Portrait d'Aliaa Essam.
© Olivier Vogelsang

Aliaa Essam, heureuse dans sa vie de peintre...

Artiste peintre d’origine égyptienne, Aliaa Essam, installée à Genève, consacre l’essentiel de son œuvre à représenter des femmes, écho à sa fibre féministe

La beauté conjuguée au féminin, versions jeunisme et mensurations de rêve, n’intéresse pas Aliaa Essam. Ses modèles à elle intègrent une palette de femmes de tous les âges, croquées dans leur quotidien et échappant au diktat d’images promues par la publicité. Une maman prend soin de son enfant; une lectrice, détendue, se concentre sur son ouvrage, confortablement installée sur son canapé, dans son foyer; de vieilles dames dégustent, complices, une glace; un groupe de baigneuses profitent du bord de mer, indifférentes à leurs rondeurs... L’artiste immortalise sur ses toiles des femmes ordinaires. Universelles. Avec leurs défauts et leur éclat propre. Dans des activités de tous les jours. Aux «sujets parfaits», cette sympathique Egyptienne de 40 ans, installée à Genève depuis plus d’une décennie, privilégie l’authenticité et des scènes de vie auxquelles chacun peut s’identifier. «L’idée de peindre des femmes dans leur routine s’est imposée naturellement. Quant à la beauté, il s’agit d’une notion pour le moins variable», note Aliaa Essam, soucieuse également de valoriser l’indépendance, l’«autosuffisance» de ses protagonistes. Une manière d’exprimer sa fibre féministe à laquelle ses origines ne sont certainement pas non plus étrangères. «Dans mon pays, beaucoup de femmes n’ont pas accès à la liberté, ne peuvent pas exercer leurs droits fondamentaux. Mes tableaux reflètent peut-être aussi inconsciemment cette réalité.» Des œuvres où le thème de la plage revient par ailleurs de manière récurrente. «Ce qui m’attire dans ce décor? La lumière, le mouvement, les couleurs et les contrastes, l’ambiance», précise cette amoureuse du soleil et de l’eau, qui recourt à toutes les techniques. Et s’adonne avec bonheur à son art depuis l’enfance.

Alarme mentale

«Gamine, je consacrais déjà mes loisirs à dessiner. Il faut dire que ma grand-mère et ma mère ont ouvert la voie.
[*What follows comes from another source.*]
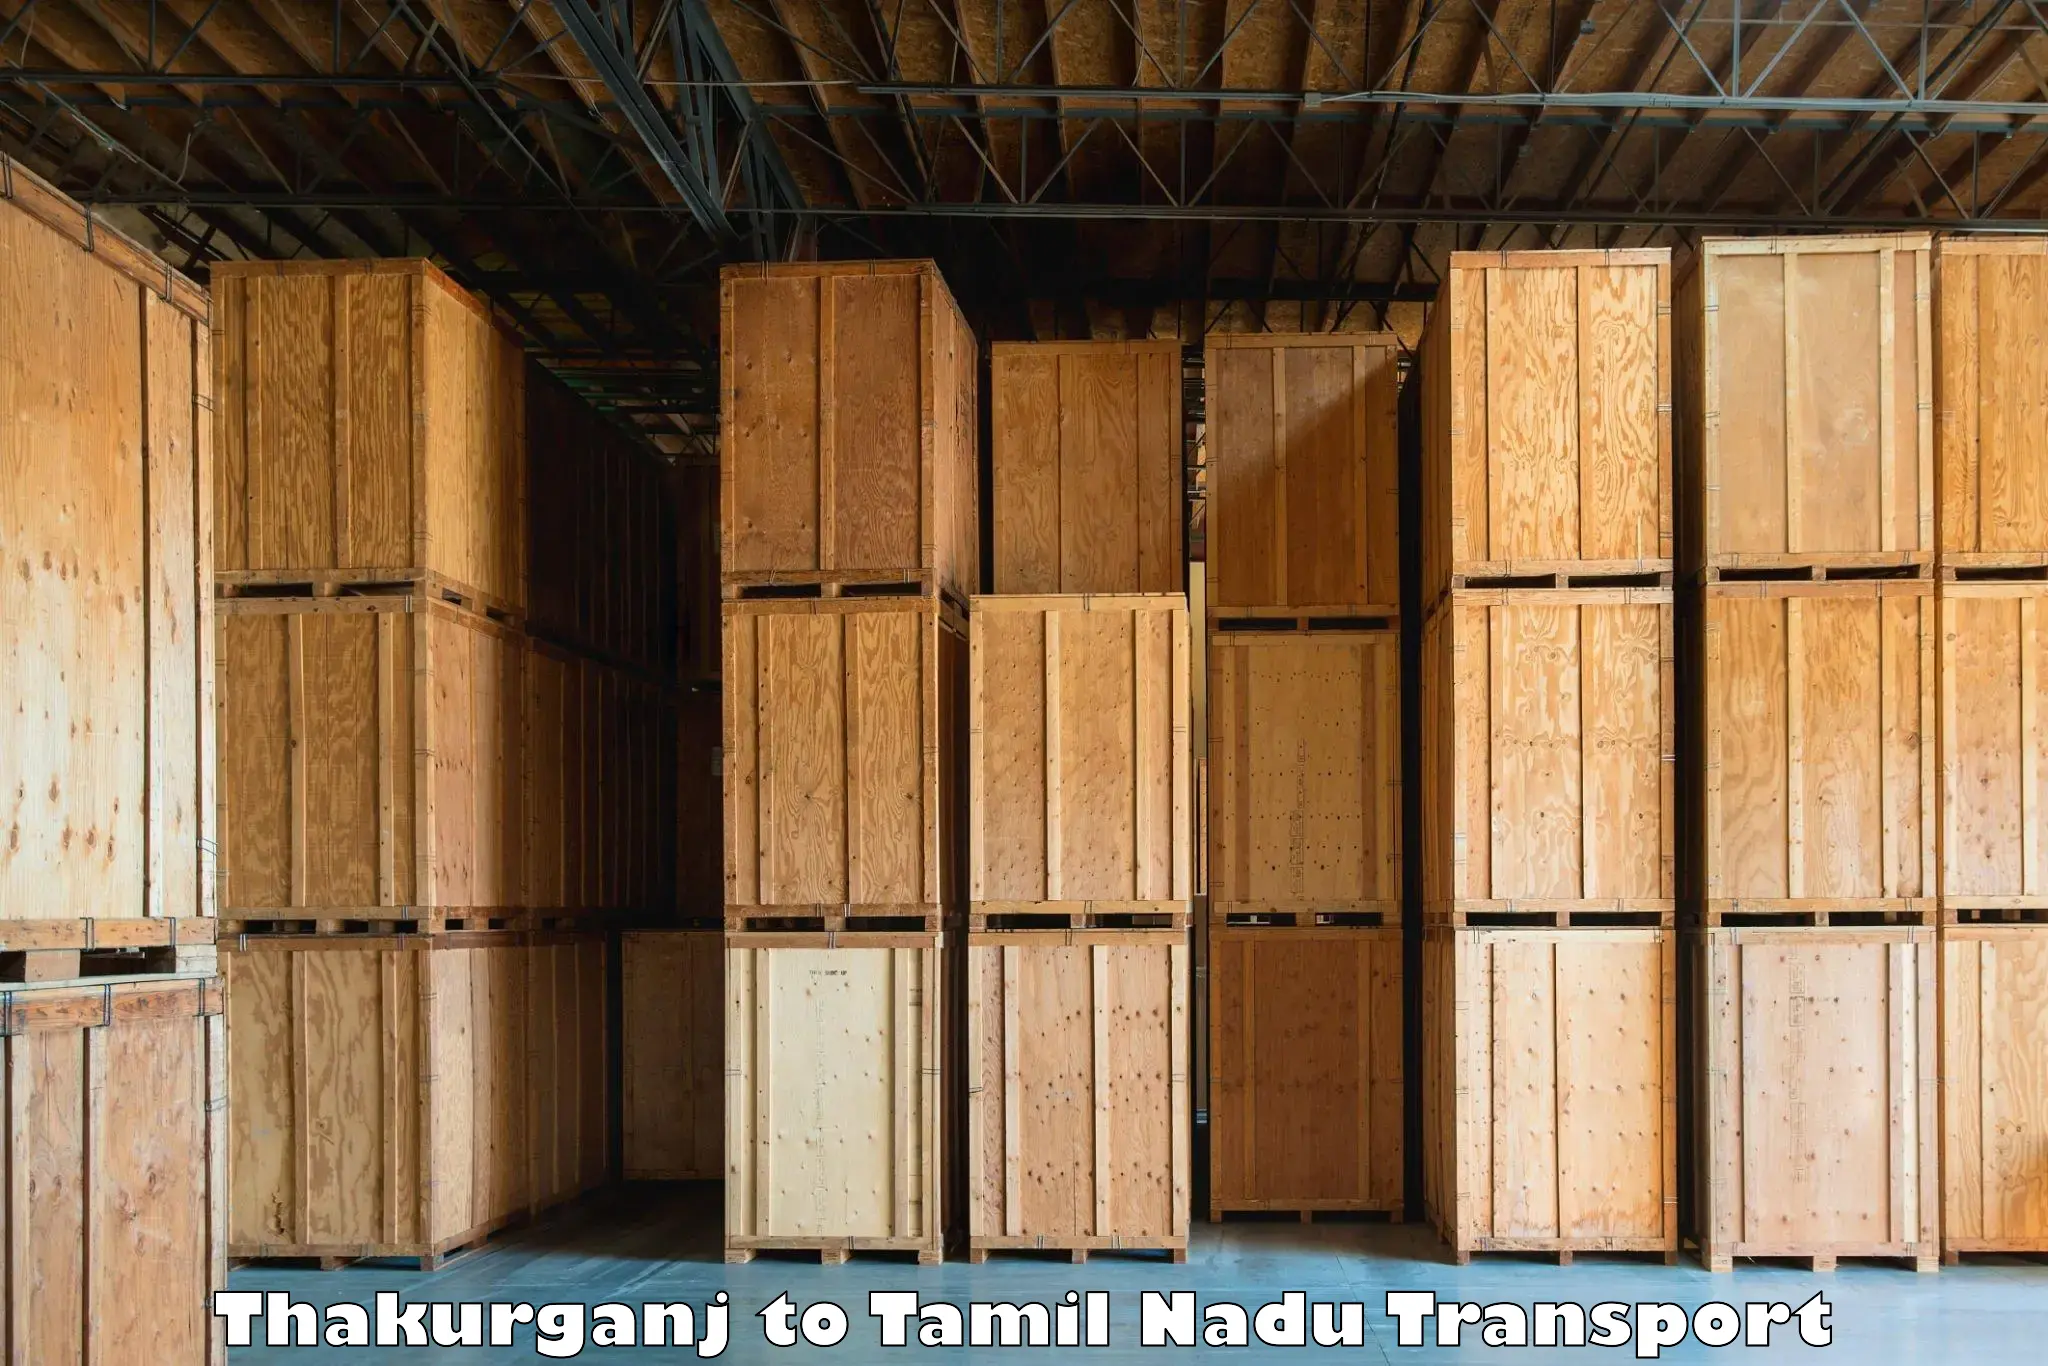 Daily transport service Thakurganj to Srirangam

Toutes deux peignaient», raconte la Genevoise d’adoption, qui a terminé son cursus artistique au Caire et œuvré professionnellement dans le domaine, avant, en 2008, de s’envoler pour Madrid. Un départ motivé par son mariage avec un Espagnol. «J’ai rencontré celui qui est devenu mon mari dans la capitale égyptienne. Il étudiait l’arabe. Nous nous sommes ensuite installés dans son pays.» Un an plus tard, le couple gagne la ville du bout du lac en raison de la grave crise économique secouant l’Espagne. Aliaa Essam et son époux y ont chacun décroché un travail. «J’ai été engagée par l’ONU, au bureau des droits de l’homme. J’occupais un poste dans l’administration», relate la polyglotte qui, outre l’arabe, maîtrise l’anglais, le français et l’espagnol. Cinq ans plus tard, l’employée donne toutefois sa démission. Non pas par désintérêt pour son job mais parce qu’elle ne dispose plus assez de temps pour se consacrer à sa passion. «Chaque jour, j’entendais mentalement une alarme m’alertant sur le fait que je ne me trouvais pas à ma place. Que je devais réaliser ce pourquoi j’étais faite dans la vie: peindre! J’ai économisé et quitté alors mes fonctions.» Un acte courageux qu’Aliaa Essam n’a regretté à aucun instant et une vocation menée avec beaucoup de rigueur et d’exigence. Et d’un point de vue de la discipline horaire et au niveau des résultats qu’elle souhaite atteindre.

Pas de mal du pays...

«Quand je débute un tableau, c’est comme une lune de miel. Puis, surgissent les problèmes à résoudre en termes de lumière, de composition, etc., comme dans les mathématiques. Il faut parfois tout détruire et repartir de zéro. Je touche au moment parfait quand, peignant, je m’oublie», affirme la jeune quadragénaire déterminée et persévérante qui, pandémie oblige, vend aujourd’hui essentiellement ses toiles en ligne. Non sans rêver d’exposer davantage dans des temps meilleurs. Et d’évoluer encore dans sa carrière.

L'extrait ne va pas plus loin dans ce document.